The Negotiation



Photo by Christina @ wocintechchat.com on Unsplash

Did you know that changing jobs can often be one of the best ways to get a significant raise? According to this article by Indeed, it’s a generally accepted practice to ask for 10-20% more than you currently make when taking a new job. Meanwhile, this survey by Willis Towers Watson asserts that pay raises for current employees hovers around only 2.7% this year and is projected to rise to around 3.0% in 2022, which falls far short of the salary you could get by changing organizations.

I don’t necessarily advocate being a mercenary and putting yourself at risk to be labeled a job-hopper by frequently making job changes just for the money. However, the following are good reasons to pursue a job change:

  • If you are underpaid compared to others in your organization with similar roles
  • If you have gone more than a couple of years without a raise despite growing job duties and expectations
  • If you have made a case for a raise to your current organization and been turned down without a good reason
  • If you can no longer make ends meet on a single full-time job

 

So if you’ve realized that your best option is to change jobs, how can you make the most of this opportunity?
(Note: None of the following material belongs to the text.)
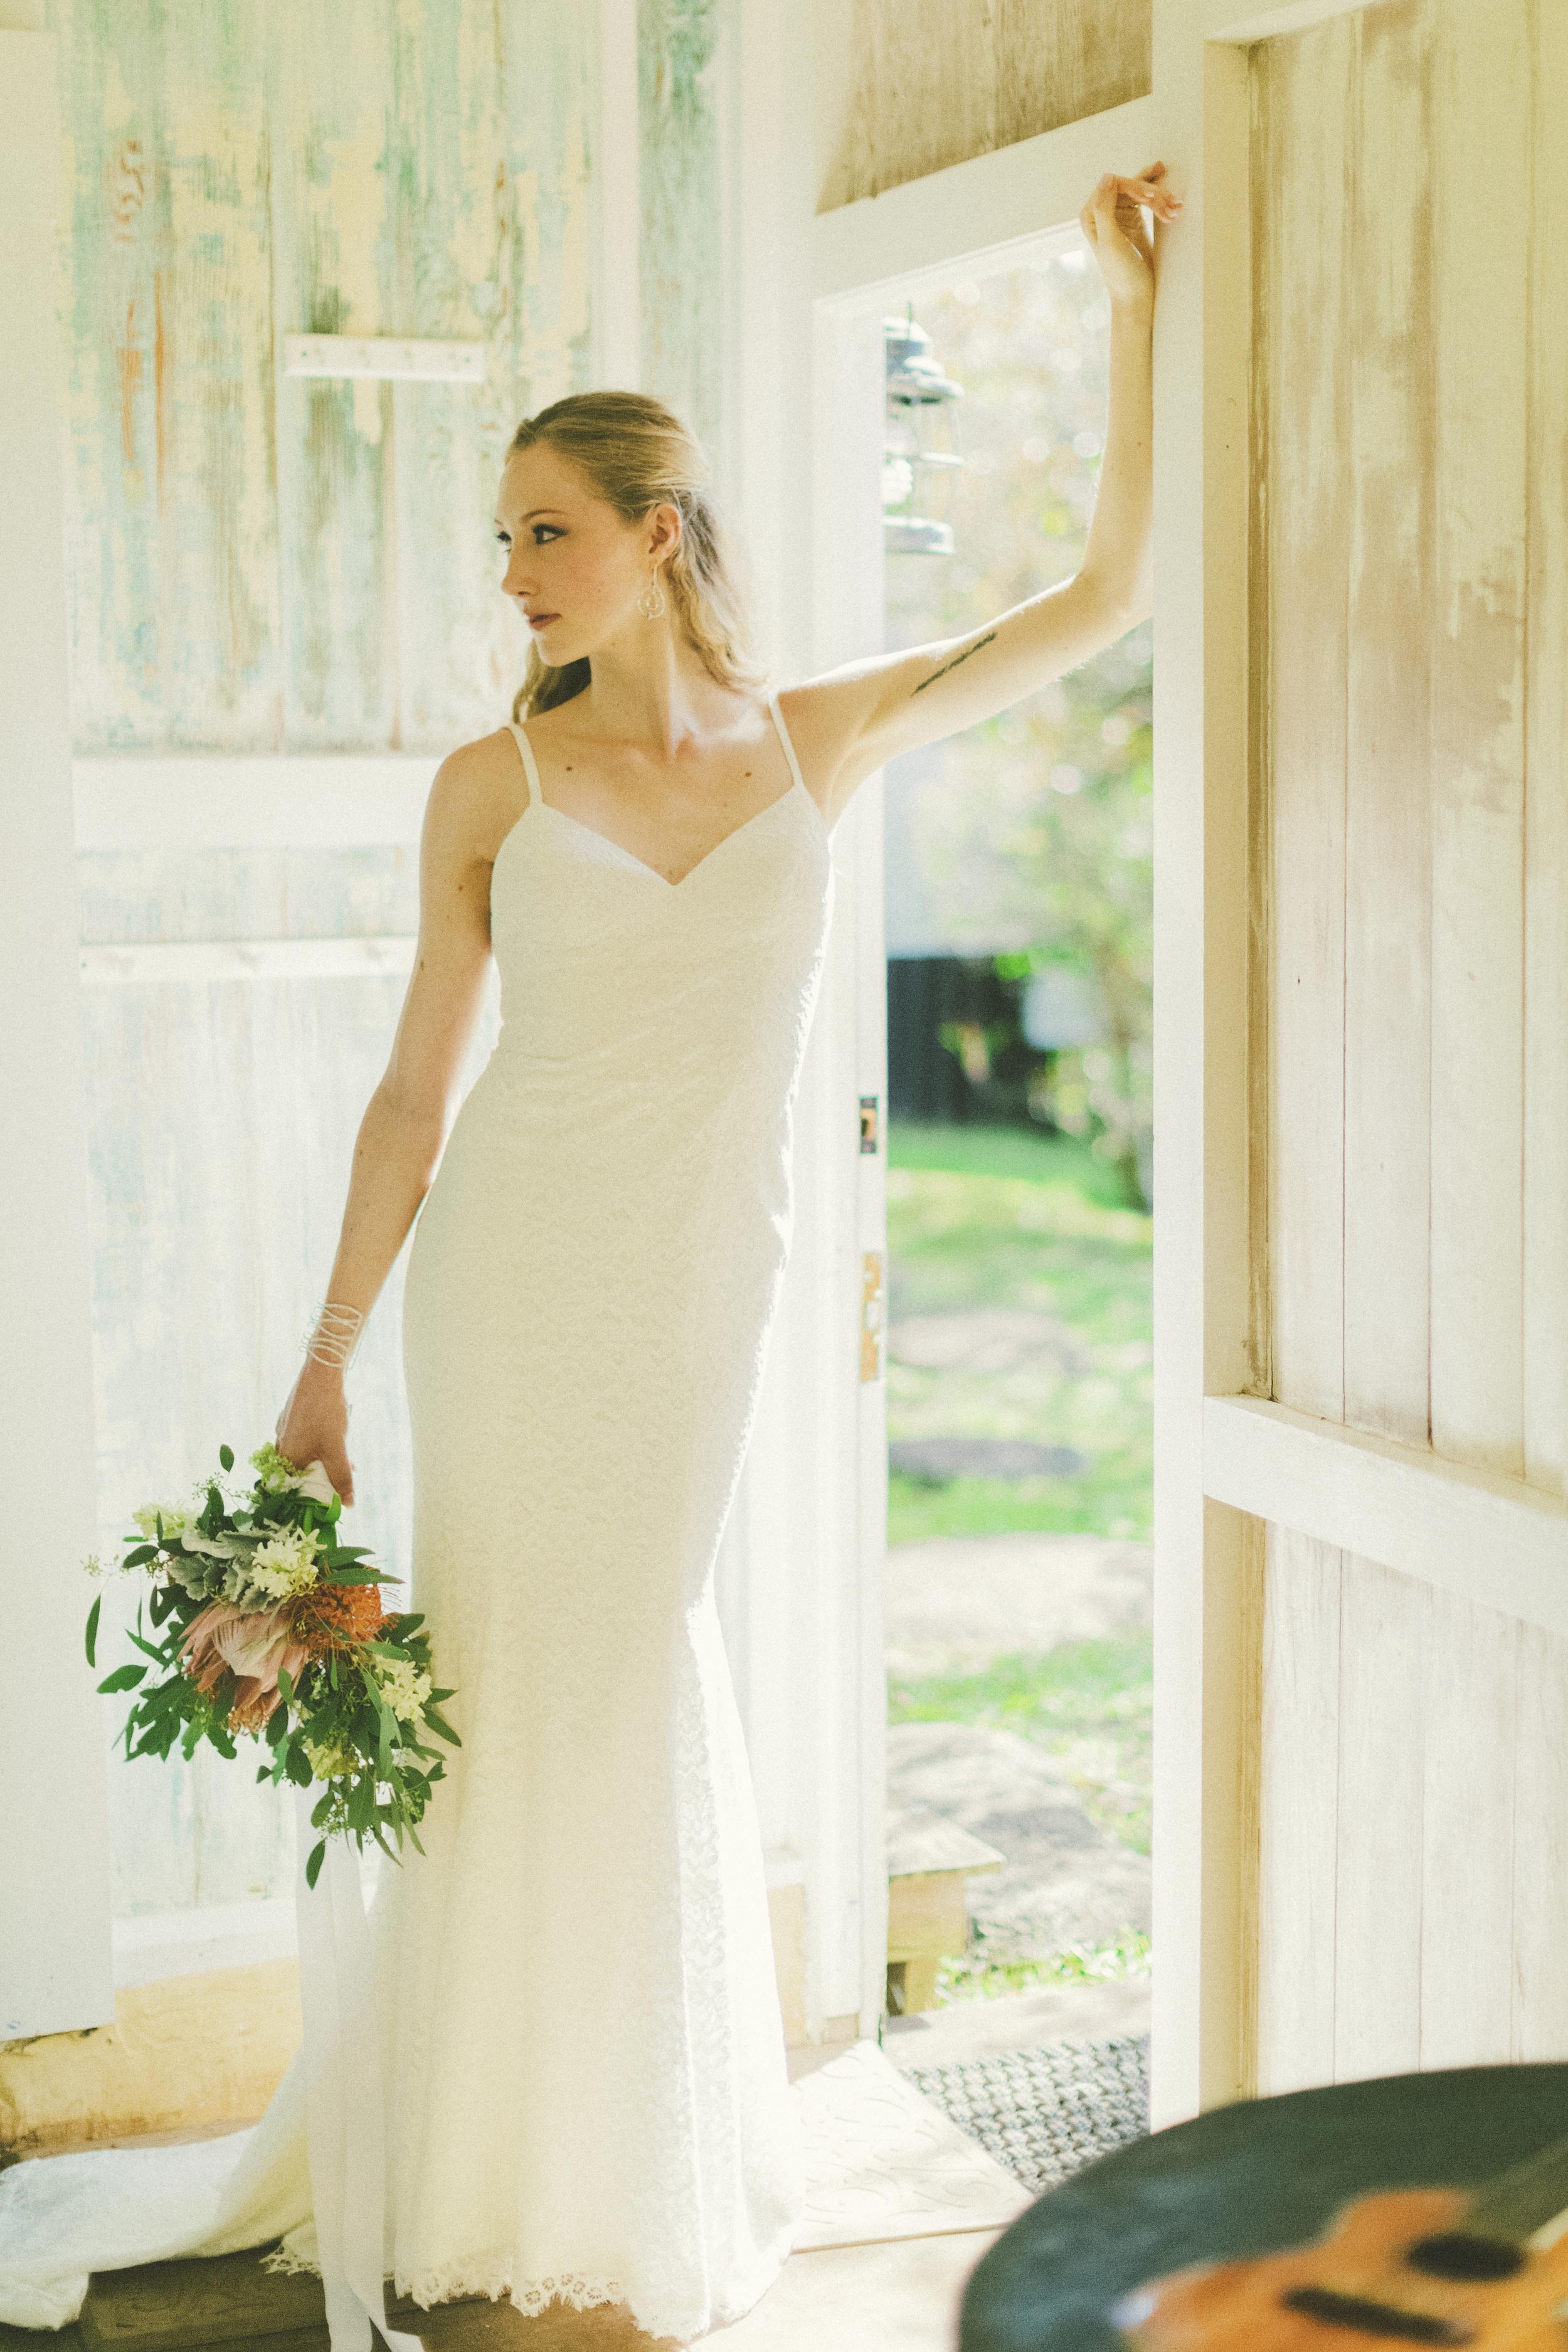 angie-diaz-photography-maui-wedding-41.jpg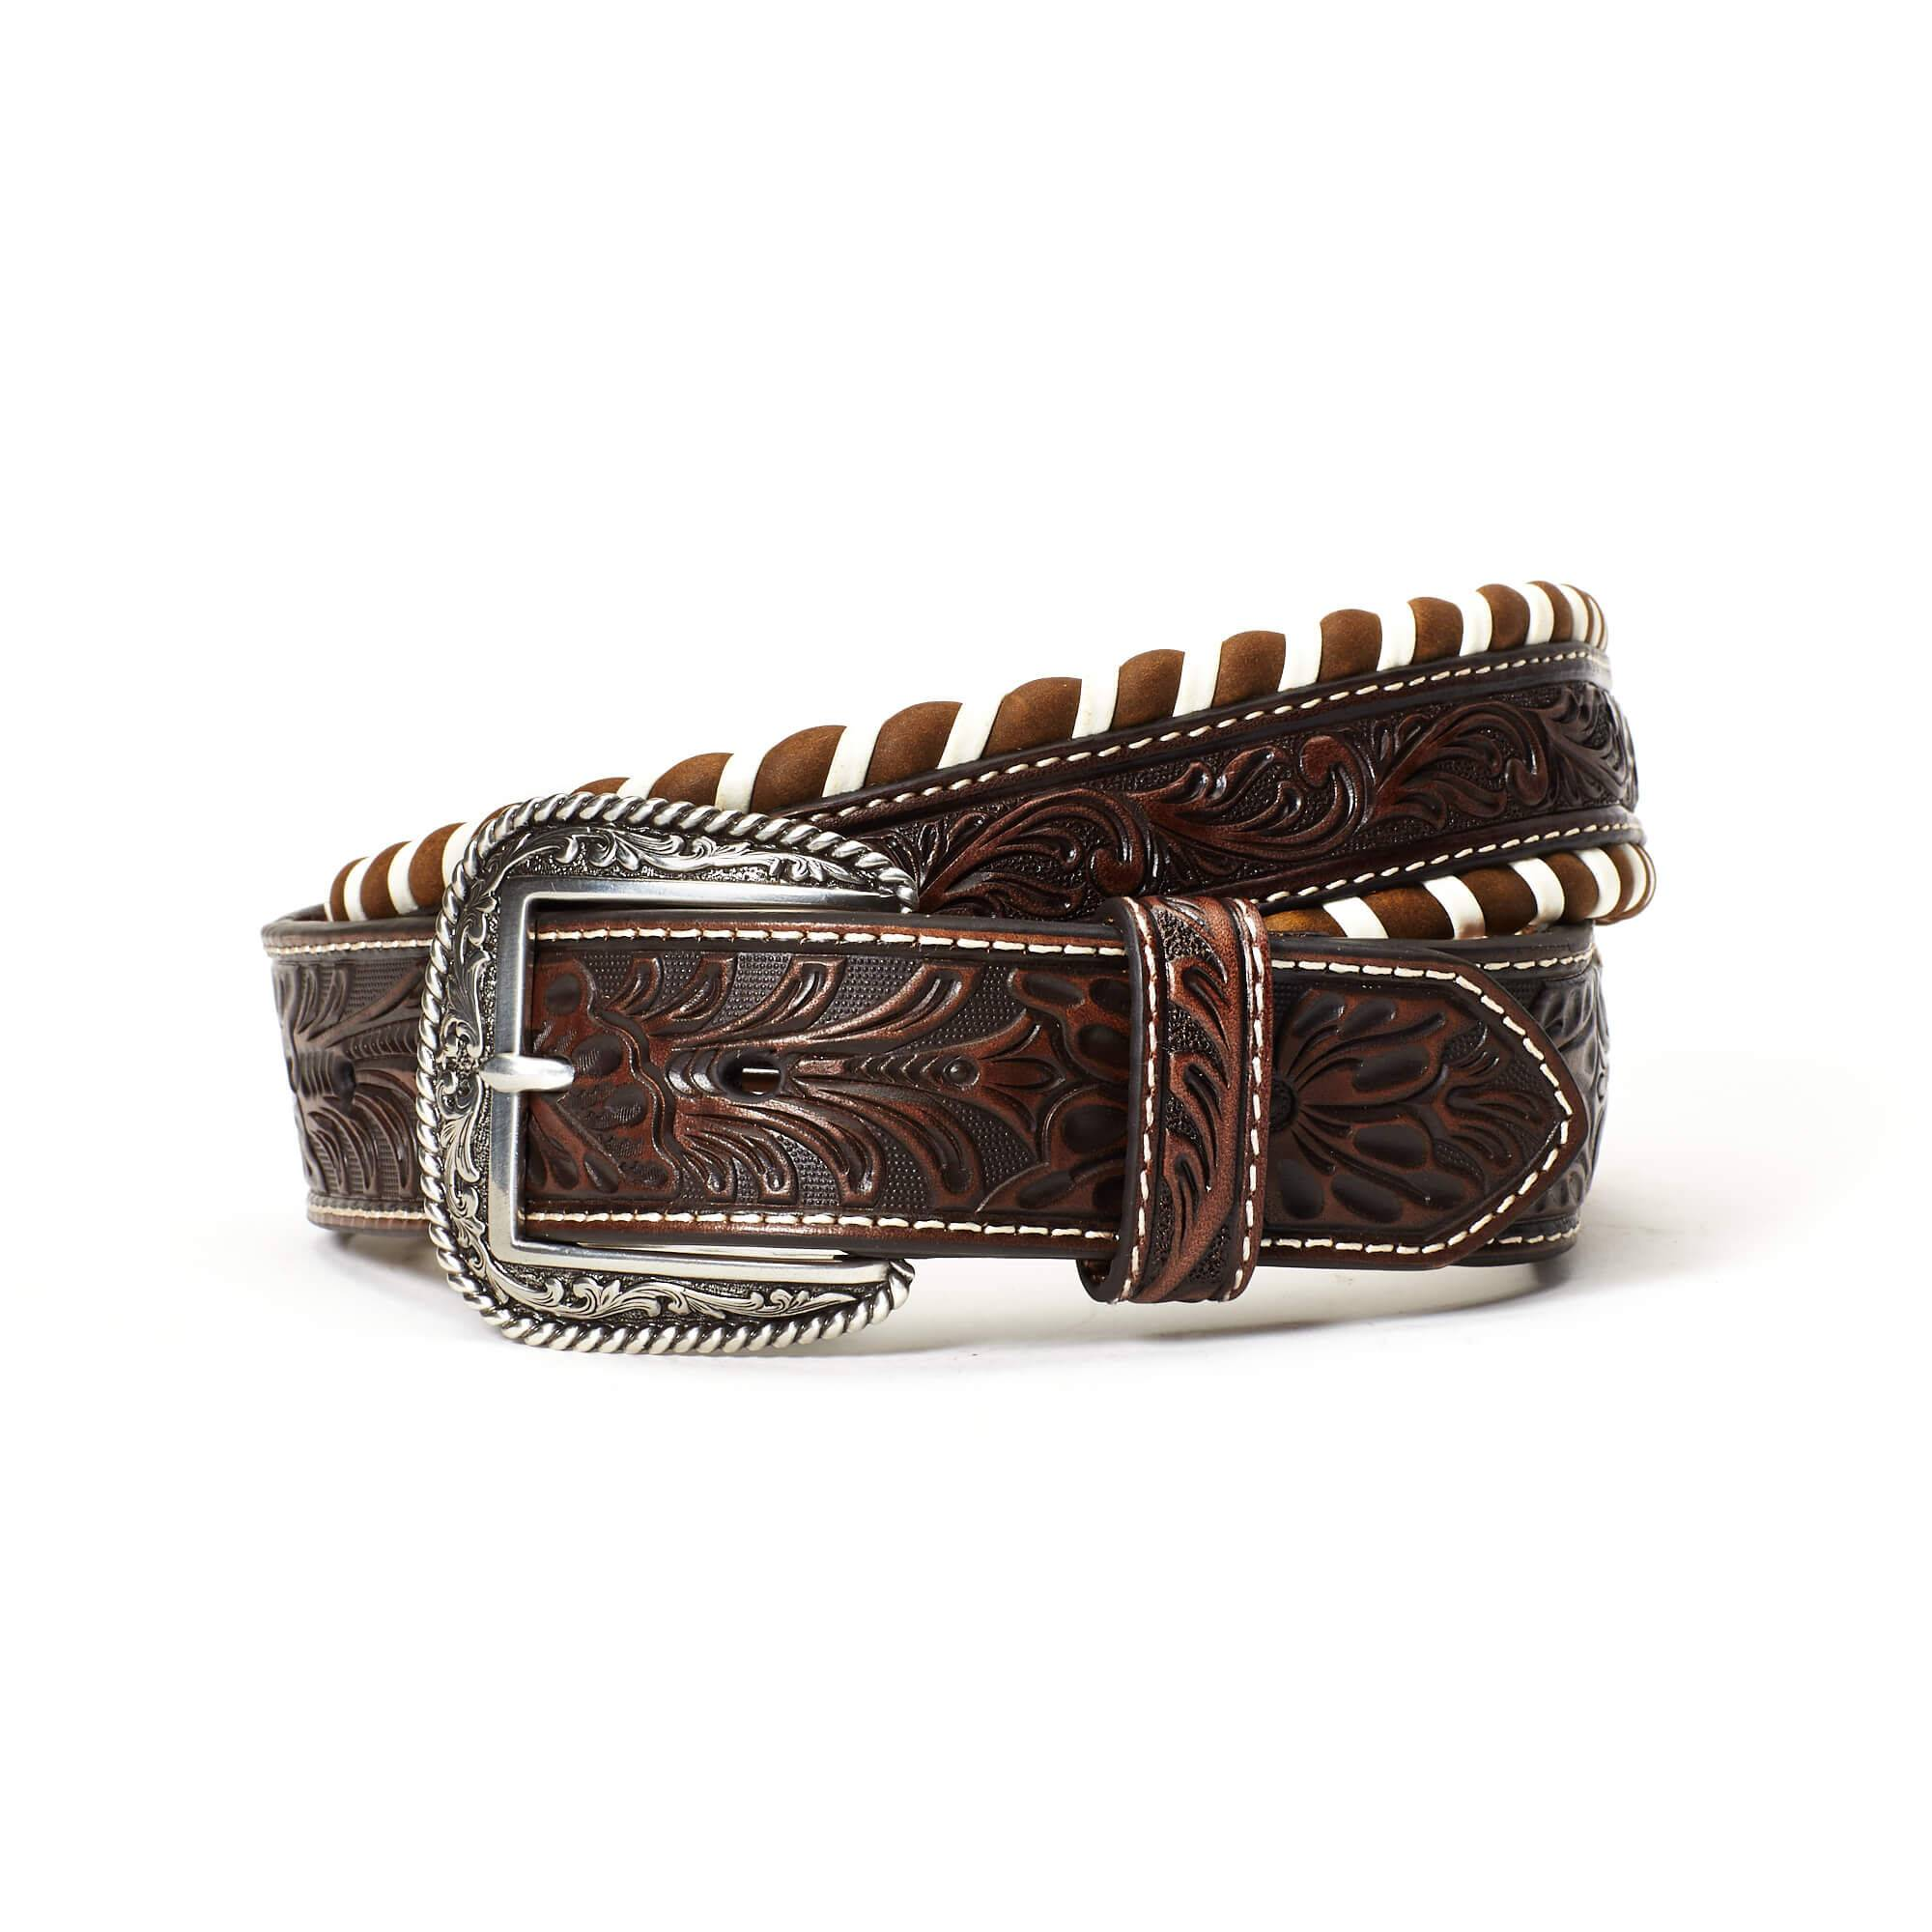 Ariat Men's Standout Belt in Brown, Size 42 by Ariat

Here are my suggestions to effectively negotiate your next role:

  • Look for job listings that have a salary range posted. You’ll save time by not applying to positions that plan to pay less than you are making now.
  • Know what you are worth. If you’re currently underpaid, a 10-20% wage increase may still be less than you are worth in the market. Do your research and review job listings for your role and industry. Look online for salary survey results and use online pay calculators on PayScale, GlassDoor, or other sites to determine what you should be making in your geographical area. Go into the negotiation process knowing what salary you need before you consider accepting.
  • Prove your worth. Use your past work performance to demonstrate your value to a likely employer. Give solid, measurable reasons for why you should have the salary you are asking for. Just wanting to make more money for personal reasons won’t cut it. The prospective employer needs to feel that you are worth the salary they are offering.
  • Salary is not the only thing you should negotiate. Paid time off, schedule, work location (do I hear work from home or hybrid?), benefits, bonuses, and title are all things you should negotiate. Make sure that any concessions you receive here are spelled out in the offer letter before you sign it.
  • Use the power of leverage. Having multiple offers in hand can give you the flexibility to set your own terms and select your best opportunity.

 

Women, be careful here. I hate to say it but implied bias could work against you here. In this article by Harvard Business School, using an outside offer aggressively can create a backlash that can mean losing a job offer. If that’s the situation you run into, you probably don’t want to work for that organization anyway because the bias will extend to future raises, bonuses, and promotions as well.

Remember that no one else will advocate for you; it’s up to you to advance your own career, which sometimes means making a job change.